Baseline continuous and categorical variables are presented as a median with range and numbers with percentages, respectively. Meanwhile, clinicopathological characteristics were compared with Fisher’s exact tests or Pearson’s χ2 as deemed appropriate. Additionally, Kaplan–Meier method was utilized for estimating patient survival rate. Survival differences between the groups were evaluated using the log-rank tests. Univariate and multivariate COX proportional hazard regression models were utilized to evaluate risk of mortality and conduct subgroup analyses. Variables that were deemed to be of potential importance in univariate analysis (P < 0.05) or previously considered to be prognostic factors were included in multivariate analysis. All of our statistical analysis conducted used SPSS software (version 19.0; SPSS Inc., Chicago, IL, USA). Our statistical significance level was set to P < 0.05.

Results

Patient screening process

A total of 1,619 eligible patients with pulmonary LCNEC were included in this study. The screening process was described in Fig. 1. Median age at diagnosis of all patients was 66 years (range, 18–94 years). Using median age and previous clinical studies as guides (Brueckl et al., 2018; Feliciano et al., 2018; Hutchins et al., 1999; Lembicz et al., 2018; Lewis et al., 2003), we divided the included patients into two groups based on age: younger (aged <65 years) (N = 729), and older (aged ≥65 years) (N = 890) patients.

Figure 1

Flow chart for screening eligible patients.

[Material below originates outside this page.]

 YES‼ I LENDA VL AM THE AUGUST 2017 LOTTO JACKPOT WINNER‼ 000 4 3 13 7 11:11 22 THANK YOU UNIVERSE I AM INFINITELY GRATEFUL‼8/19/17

Clinicopathological characteristics

The clinicopathological features of all enrolled patients were summarized in Table 1. In the younger group, the median age was 57 years, while the median age of the older group (≥65 years) was 73 years. In the older group, more patients were white (P = 0.004), married (P < 0.001), of stage I (P = 0.022), with tumor size <5 cm (P = 0.013); while with significantly lower proportion of surgery (P < 0.001), chemotherapy (P < 0.001), and radiotherapy (P < 0.001).

Table 1

Clinicopathological characteristics of patients with pulmonary large cell neuroendocrine carcinoma according to age groups.

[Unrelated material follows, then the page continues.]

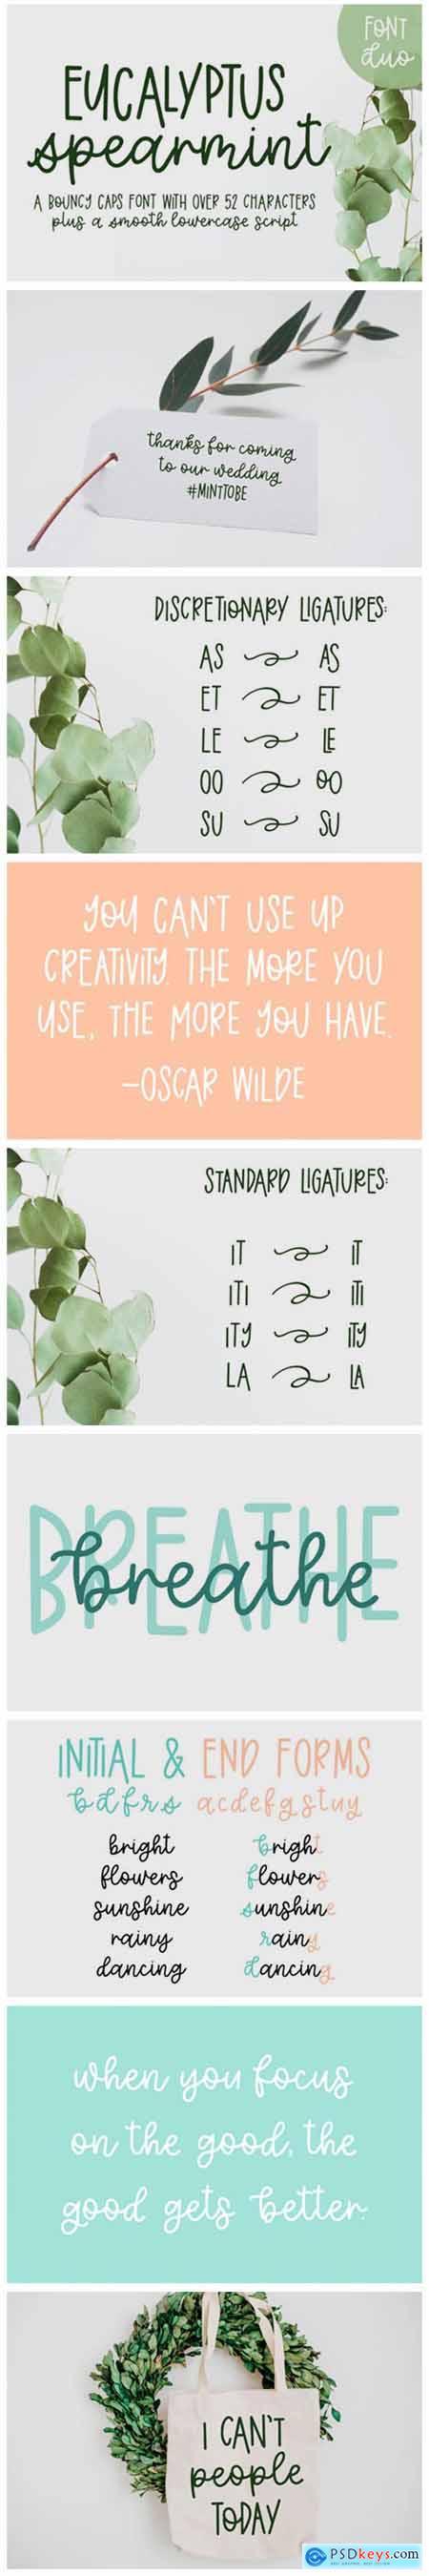 Eucalyptus Spearmint Font

Variables	<65 years (N = 729)	≥65 years (N = 890)	P-Value
	N (%)	N (%)
Median age (range)	57 (18–64)	73 (65–94)
Sex			0.524
Female	321 (44.03%)	406 (45.62%)
Male	408 (55.97%)	484 (54.38%)
Race			0.004
White	591 (81.07%)	774 (86.97%)
Black	108 (14.81%)	80 (8.99%)
API/AI	29 (3.98%)	34 (3.82%)
Unknown	1 (0.14%)	2 (0.22%)
Marital status			<0.001
Married	409 (56.10%)	679 (76.29%)
Unmarried	292 (40.05%)	186 (20.90%)
Unknown	28 (3.84%)	25 (2.81%)
Primary site			0.761
Main bronchus	25 (3.43%)	35 (3.93%)
Peripheral	641 (87.93%)	772 (86.74%)
Unknown	63 (8.64%)	83 (9.33%)
Grade			0.325
Grade III	293 (40.19%)	331 (37.19%)
Grade IV	81 (11.11%)	116 (13.03%)
Unknown	355 (48.70%)	443 (49.78%)
Laterality			0.221
Left	276 (37.86%)	373 (42.00%)
Right	435 (59.67%)	497 (55.97%)
Bilateral	18 (2.47%)	18 (2.03%)
AJCC stage			0.022
I	179 (24.55%)	256 (28.76%)
II	65 (8.92%)	49 (5.51%)
III	145 (19.89%)	185 (20.79%)
IV	340 (46.64%)	400 (44.94%)
Tumor size			0.013
<5 cm	420 (57.61%)	566 (63.60%)
≥5 cm	235 (32.24%)	228 (25.62%)
Unknown	74 (10.15%)	96 (10.79%)
Surgery style			<0.001
No surgery	416 (57.06%)	548 (61.57%)
Segmentectomy/wedge resection	46 (6.31%)	98 (11.01%)
Lobectomy/Bilobectomy	228 (31.28%)	215 (24.16%)
Pneumonectomy	39 (5.35%)	29 (3.26%)
Chemotheray			<0.001
No/unknown	291 (39.92%)	499 (56.07%)
Yes	438 (60.08%)	391 (43.93%)
Radiotherapy			<0.001
No/unknown	411 (56.38%)	594 (66.74%)
Yes	318 (43.62%)	296 (33.26%)

Note:

API/AI, American Indian/AK Native, Asian/Pacific Islander.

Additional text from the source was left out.